Venerdì 17 marzo è morto Angelo Fiore, 84 anni, figura centrale nell’attività sportiva della Don Bosco e allenatore che dagli Anni 60 ha fatto crescere, sul campo e sulla vita, migliaia di giovani. «Lui diceva: “Sono nato con i Salesiani, e sono cresciuto con Don Bosco”. Era molto affabile, dialogava, non metteva mai degli ostacoli tra sé e gli altri. Sapeva incoraggiare e ascoltare tutti». A raccontarcelo è don Remigio Bertapelle (nella foto qui sotto), 83 anni, sacerdote salesiano della parrocchia San Giuseppe Artigiano, che dal 1985 svolge il proprio servizio ad Alessandria.

Don Remigio, chi era Angelo Fiore?

«Una figura davvero storica per la Don Bosco. Già da quando i Salesiani erano a Santa Maria di Castello e fino al Cristo. Uno dei più entusiasti e coinvolgenti collaboratori. Qui ha trovato un ambiente popolare, con parecchie povertà. E ha inserito, nell’opera parrocchiale, queste attività sportive. Ricordo che parecchi dicevano: “Tanti fanno solo dello sport e pochi vengono in chiesa”. Invece non era così: avendo tutti questi giovani in casa, riuscivamo a tirarli dentro anche con il catechismo, l’oratorio, e le tante attività della parrocchia».

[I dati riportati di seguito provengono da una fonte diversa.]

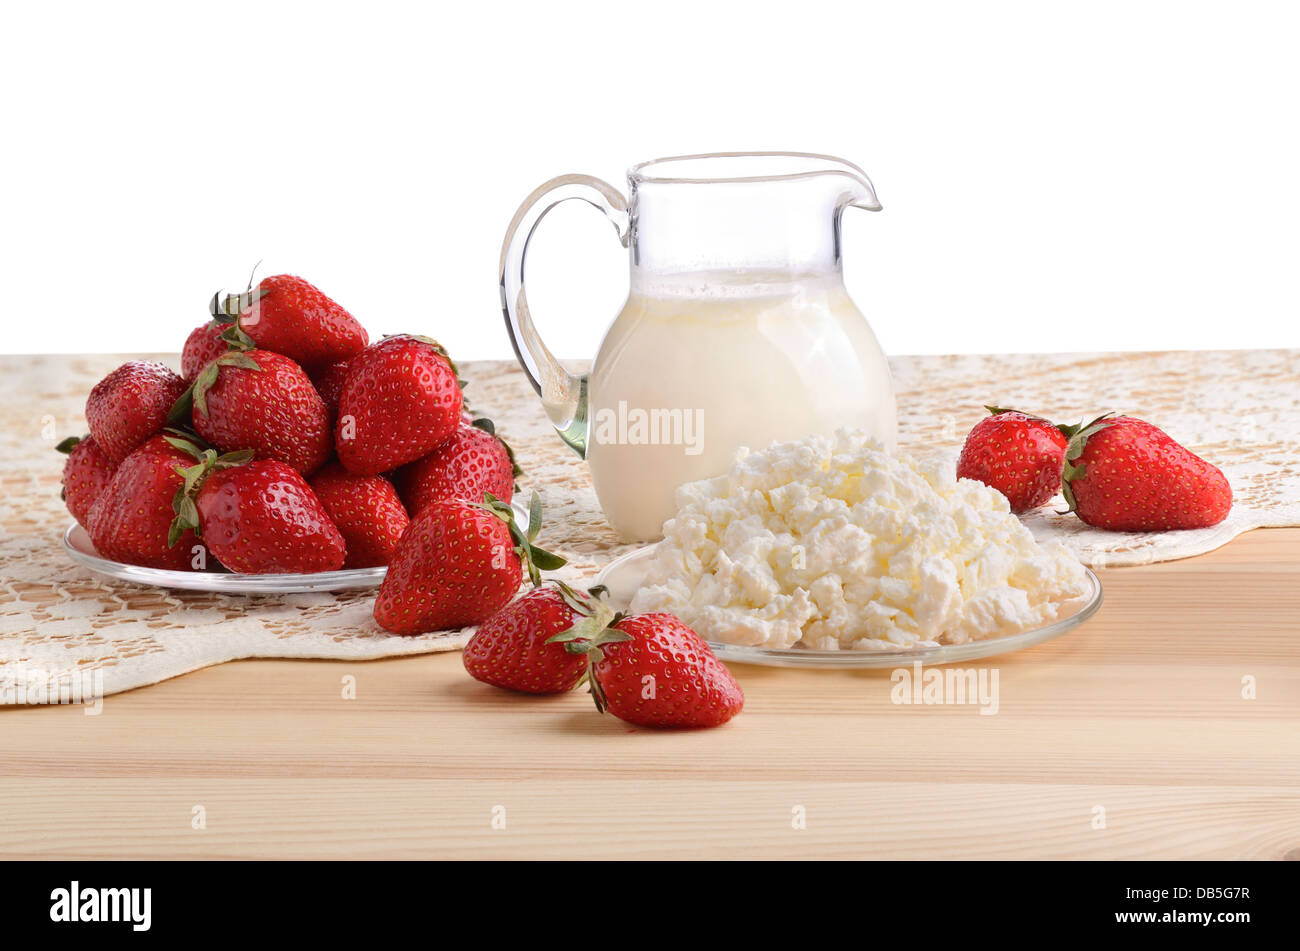 Une fraise mûre, du lait et du fromage cottage sur une nappe en bonneterie Banque D'Images

Un punto di riferimento per tutti.

«Non ha mai perso l’entusiasmo, ha trascinato anche gli altri collaboratori fino a poco fa. Ha dato una mano fino a una decina di anni fa, ma era spesso qui, veniva a vedere, portava la sua esperienza a quelli che erano venuto dopo di lui. Ha sempre continuato a portare, ai ragazzi e agli allenatori, l’esempio di responsabilità del donare i valori umani. Sempre nello spirito di Don Bosco».

Ci racconta un aneddoto?

«Come tutti lo ricordano, Fiore girava con il suo pulmino e andava a raccogliere i ragazzi fino a Spinetta. Li portava qui e li inseriva con gli altri del quartiere. Le madri e i padri dei giovani di qui iniziarono a storcere il naso… perché aveva preso dei ragazzi del Centro che giovano meglio, trascurando così i “nostri”. E su questo avevamo anche un po’ litigato (sorride). Ma ci siamo chiariti subito, perché sapeva come dialogare».

Prima parlava dello stile del Santo di Valdocco.

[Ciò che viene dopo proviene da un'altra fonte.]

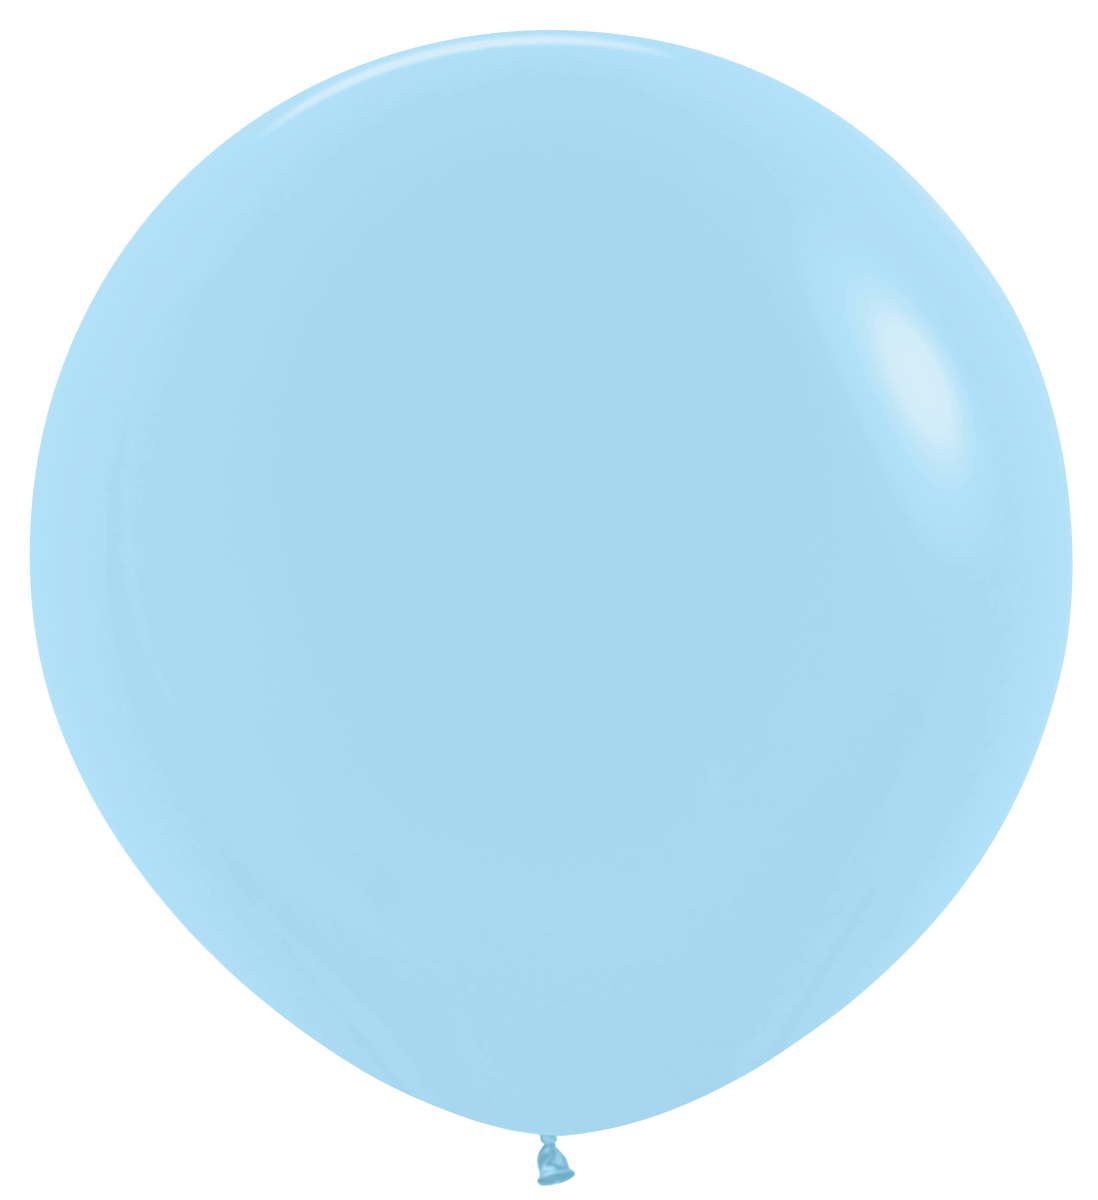 Sempertex Pastel Matte Round Latex Balloons | All Sizes

«Qui era di casa, anche quando c’erano altre manifestazioni in chiesa o all’orario lui c’era sempre. Alcuni pensavano fosse il presidente, andavano da lui a chiedere o a riferire di cosa importanti, e lui: “Ma io non sono il presidente, sono solo a servizio”. Conservava questo spirito educativo di accoglienza, uno stile oratoriano. Lo stesso spirito del primo oratorio di Valdocco: “Una casa che accoglie, una parrocchia che evangelizza, una scuola che avvia alla vita ed un cortile per incontrarsi da amici e vivere in allegria”. Ecco, Fiore condivideva proprio questo».

Lunedì 21 marzo, alla Don Bosco, si sono svolti i funerali.

«Sì, c’erano tante persone dell’ambiente sportivo e un bel gruppo di ragazzi. Proprio durante la celebrazione pensavo a questo…».

Prego.

«Noto che per gli adulti, soprattutto quelli che curano l’attività sportiva, è difficile entrare nella mentalità di sport inserito in una realtà cristiana e umana. E questo credo sia essenziale. Si arriva fino alle attività sportive, se si parla di un discorso religioso ed educativo difficilmente si trova un riscontro da loro. Fiore, in questo, era un esempio. Questa è la preziosa eredità che lascia a tutti noi».